# Forfait Free Mobile + tablette



## Luxless (9 Février 2012)

Salut Salut ! 

Je risque quoi si je mets un forfait Free mobile (celui avec les 3go d'internet) dans une tablette ? Je compte me prendre un iPad... C'est marqué explicitement dans leurs conditions générales que ça doit pas être fait.
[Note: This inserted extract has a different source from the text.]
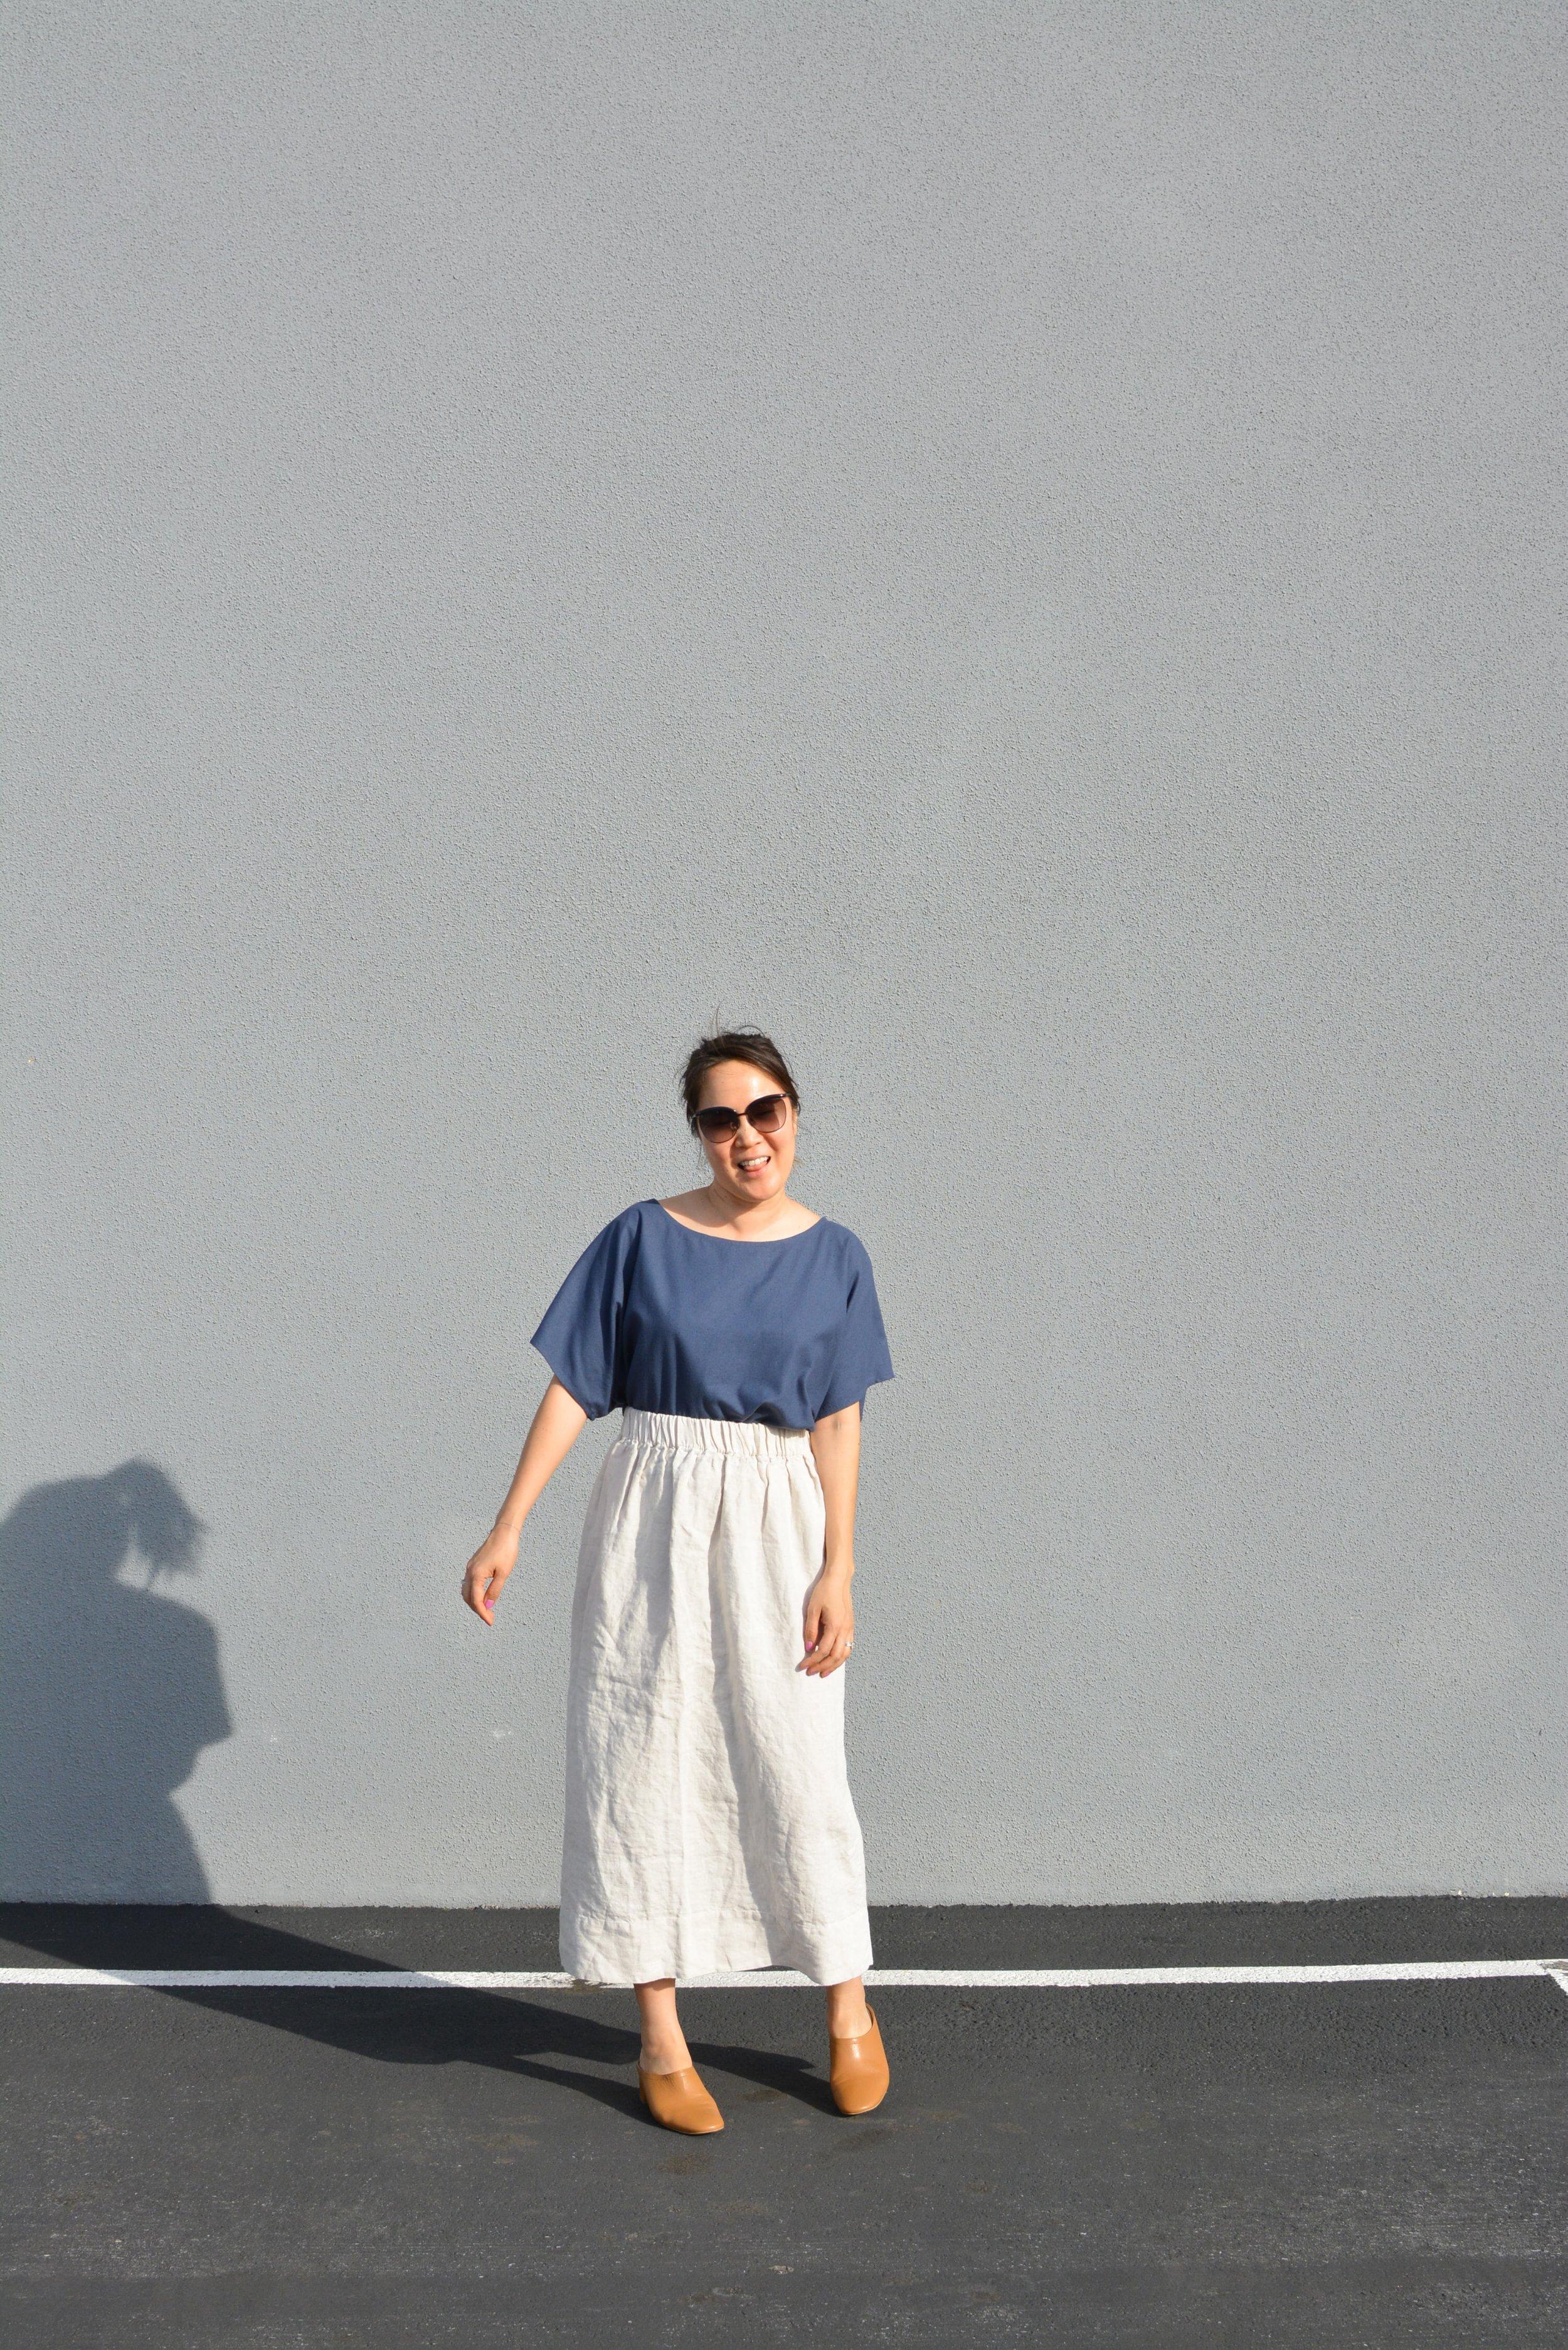 Elizabeth Suzann Review Linen Bel Skirt (5 of 6)-min.jpg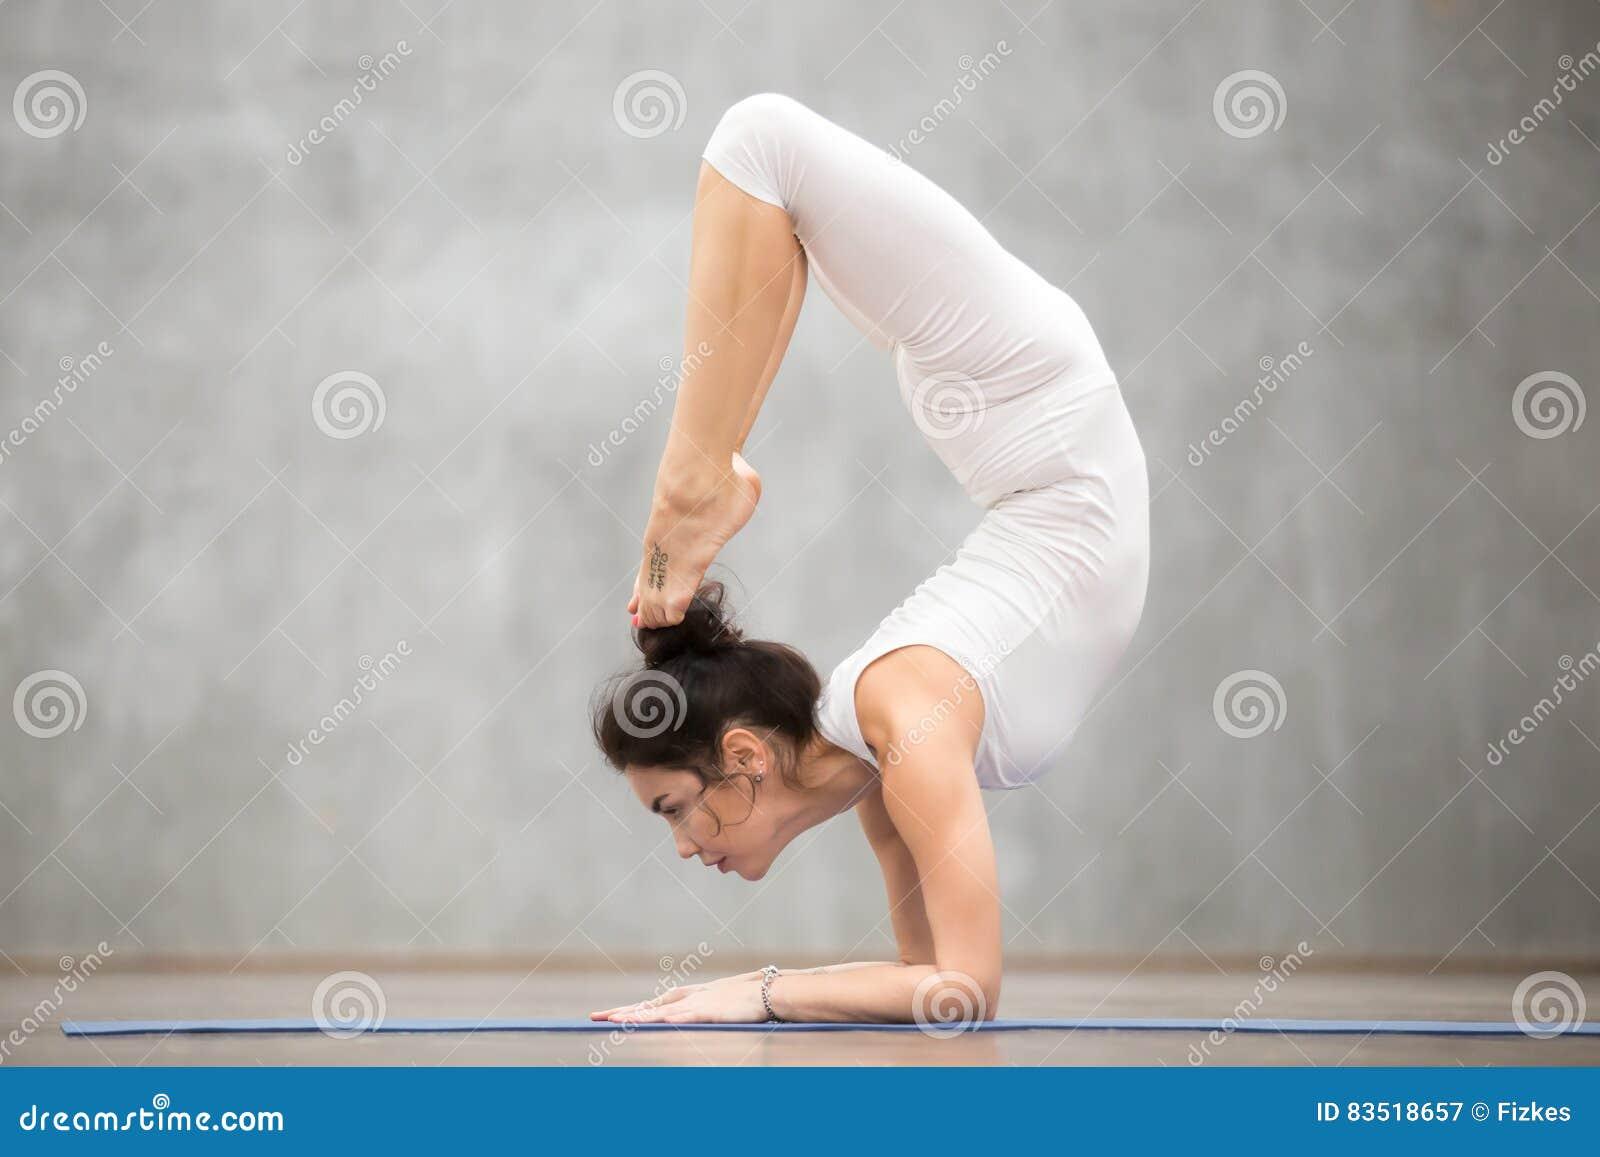 f7f31a8ab62e0 Beautiful Yoga: Scorpion Pose Stock Image - Image of dancer, indoors ...

Est-ce que des gens ici le font ? Si oui ça marche ? Qu'est ce que je crains vraiment ? (je n'ai pas envie de devoir me retrouver à payer des indemnités ou des choses comme ça parce que j'ai violé les conditions générales...)

Merci encore !


----------



## pepeye66 (9 Février 2012)

Ce forfait est adossé à une sim qui elle même est dans un smartphone non ?
Pourquoi n'utilises tu pas le partage de connexion qui est gratuit avec ton forfait Free ?


----------



## Luxless (9 Février 2012)

pepeye66 a dit:


> Ce forfait est adossé à une sim qui elle même est dans un smartphone non ?
> Pourquoi n'utilises tu pas le partage de connexion qui est gratuit avec ton forfait Free ?



Je n'ai pas de smartphone...


----------



## Funigtor (10 Février 2012)

Free va bientôt sortir des forfaits tablettes, y a juste à attendre un peu.


----------



## lemarseillais23 (11 Février 2012)

mais il me semble que c'est faisable


----------



## Luxless (16 Février 2012)

Ok merci de vos réponses, mais je ne risque pas d'être facturé en hors forfait de mode "modem" ?


----------



## Simbouesse (16 Février 2012)

Pas chez free justement ! C'est inclus dans le forfait !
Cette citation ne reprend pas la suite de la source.